Suppose we have a generalized class and three methods in it:

class SomeClass<T> { //не обобщенный метод public void DoSomething(int x) { Console.WriteLine("True non generic method"); } //не обобщенный метод с параметром обобщенного типа класса public void DoSomething(T x) { Console.WriteLine("Indirectly generic method"); } //явно обобщенный метод public void DoSomething<U>(U x) { Console.WriteLine("True generic method"); } }

Actually the question is - is a non-generic method, with a parameter of a generalized class type, a generic method?

    2 answers 2

    Yet, you guessed it, the answer is non-generic. Because there is a definition of what a generic method is and that's it.

    The method is considered generalized when it has its own type parameter . If he does not have it, then this is a non-generic method.

    A generic type method can borrow a type parameter for the return value and / or parameter type (do not confuse the parameter type with the type parameter , although this pun probably confuses), but this does not make it generalized if the method does not have its own type parameter .

    And your research generated IL does not contradict my arguments. But I still would not confuse the terminology of a programming language and the details of its implementation.

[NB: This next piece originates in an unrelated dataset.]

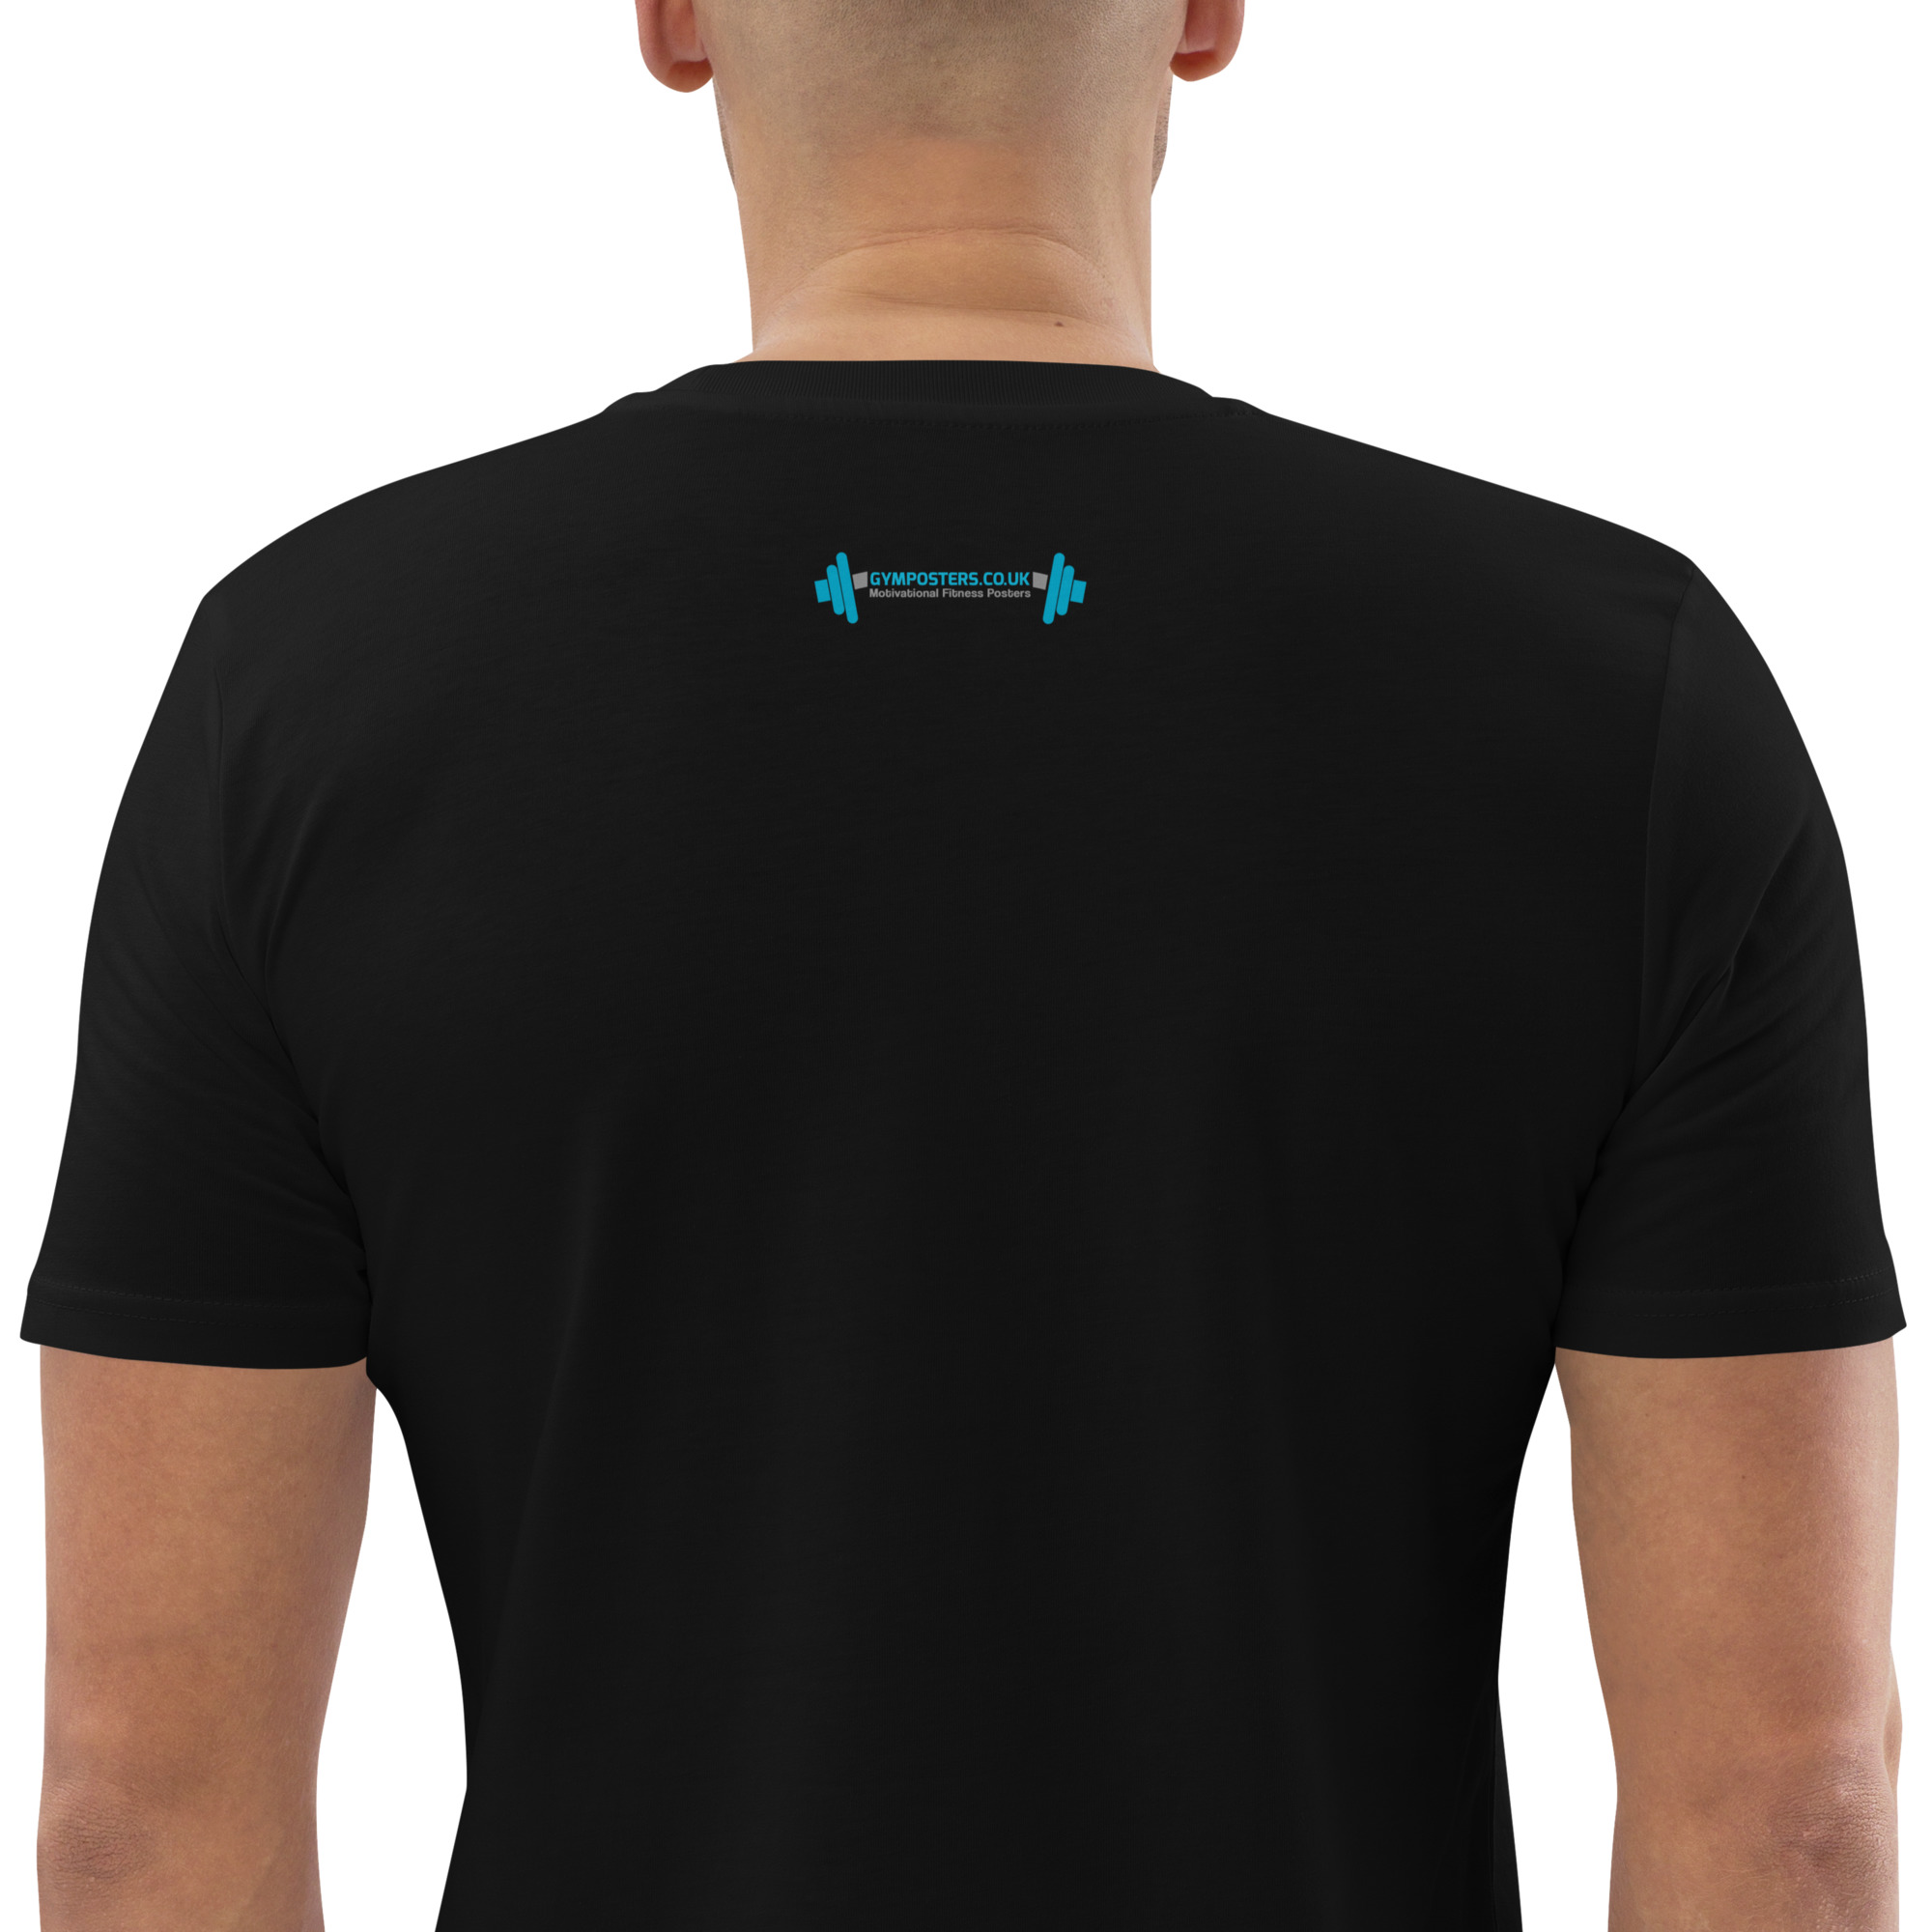 unisex-organic-cotton-t-shirt-black-zoomed-in-2-65785b878d483.jpg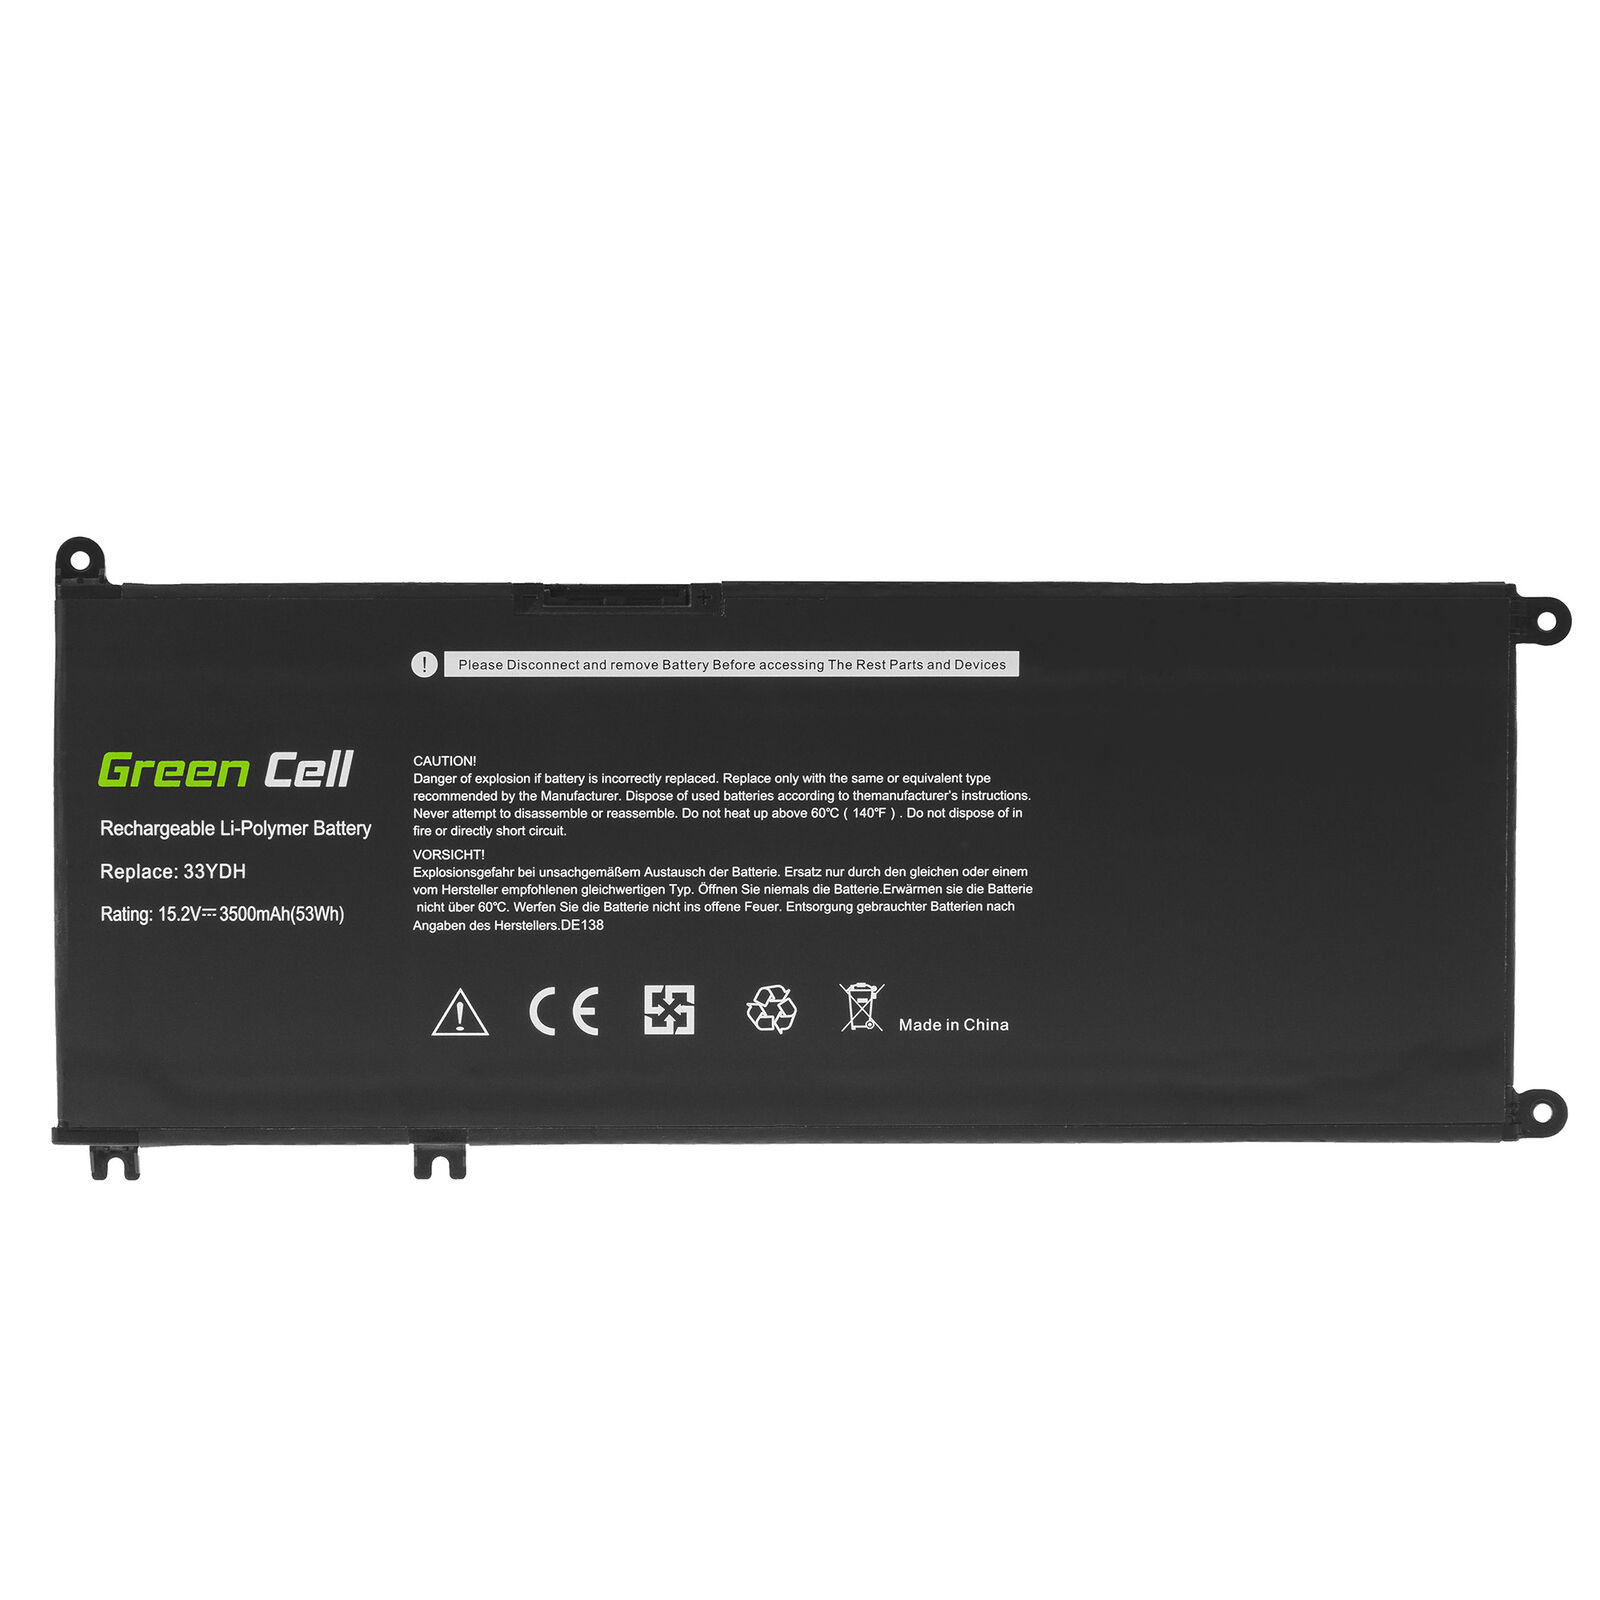 Dell Inspiron G3 17 3779 G5 15 5587 G7 15 7588 PVHT1 DNCWSCB6106B compatible battery

I do not think this is correct.

    Throwing a topic for reflection: sometimes non-virtual methods are invoked as virtual ones . The callvirt instruction is generated in some cases for non-virtual methods and that's it. One might also ask, "Should they be called implicitly virtual?" ( But then it’s rather obvious that it’s just doing implementations ).

    Embarrassment for developers

    But for beginners (and not only) developers - it is, at least initially, strange. For example, all the usual members of the Dictionary generalized: Add(TKey, TValue) , ContainsKey(TKey) , TryGetValue(TKey, TValue) , Remove(TKey) , etc. And this is surprising to many, even sometimes those who have used it for years this dictionary. The type is generalized, but the methods are not. List of things is interesting: it has only one generalized method ConvertAll<TOutput>(Converter<T, TOutput>) , the others are not.

    • public void DoSomething (T x) {Console.WriteLine ("Indirectly generic method"); } and // an explicitly generalized method public void DoSomething <U> (U x) {Console.WriteLine ("True generic method"); } equivalent, just the first "implicitly generalized." - CSharpUser
    • @CSharpUser I do not understand your comment. Do you want to challenge or prove me? - Vadim Ovchinnikov

    In MSDN, such methods are called non-generic methods of the generalized class, which is no better than my wording in the question. In the specification, this option is also not considered separately. Ok, since no matter where it’s written specifically, we’ll ask the CLR itself, in the end, it’s up to her to do everything we’ve written.

    So let's start with the class declaration.

     .class public auto ansi beforefieldinit ConsoleApplication.SomeClass`1<T>

    An interesting point: `1 - the numbers after the apostrophe mean the number of type parameters, but the main task of this increase is to expand the class name. Thus, we can have two classes with the same name and a different number of generic parameters, including a non-generic class without parameters.

    Method declarations (body omitted, since it does not matter in this case):

    Not a generic method

     .method public hidebysig instance void DoSomething ( int32 x //тип указан явно ) cil managed

    Explicitly generalized method

     .method public hidebysig instance void DoSomething<U> ( !!U x //обратите внимание на два восклицательных знака ) cil managed

    Two exclamation marks tell JIT what specific type to look for in the generalizing parameters of the method.

    Non-generic method with a generic class type parameter

     .method public hidebysig instance void DoSomething ( !T x //тут только один восклицательный знак ) cil managed

    One exclamation mark tells JIT that a specific type should be searched for in the class generalizing parameters.

    Ok, already something, now let's take a look at how these methods are invoked:

    Not a generic method

     call instance void class ConsoleApplication.SomeClass`1<int32>::DoSomething(int32)

    the type of the parameter is explicit

    Explicitly generalized method

     call instance void class ConsoleApplication.SomeClass`1<int32>::DoSomething<int32>(!!0)

    the type of the parameter is indicated by a reference to the parameter with index 0 in the list of generalizing method parameters

    Non-generic method with a generic class type parameter

     call instance void class ConsoleApplication.SomeClass`1<int32>::DoSomething(!0)

    the type of the parameter is indicated by a reference to the parameter with index 0 in the list of generalizing parameters of the class

    It turns out that in the current implementation we have two types of generalized methods - explicit and implicit. In both cases, the JIT will need additional steps when compiling these methods to resolve types, since in both cases, the call indicates only a reference to the element of the list of generalizing parameters.

    Total for a specific implementation of the compiler / JIT / VM:

    1. There are two types of methods - generalized and not generalized .

    2. Generalized methods can be generalized explicitly and implicitly .

    3. Priority when choosing an overloaded method with other things being equal:

      • not generalized
      • implicitly generalized
      • clearly generalized

    This information can be found in the specification, but only indirectly, there are no direct references, apparently hoping for the logic of the readers.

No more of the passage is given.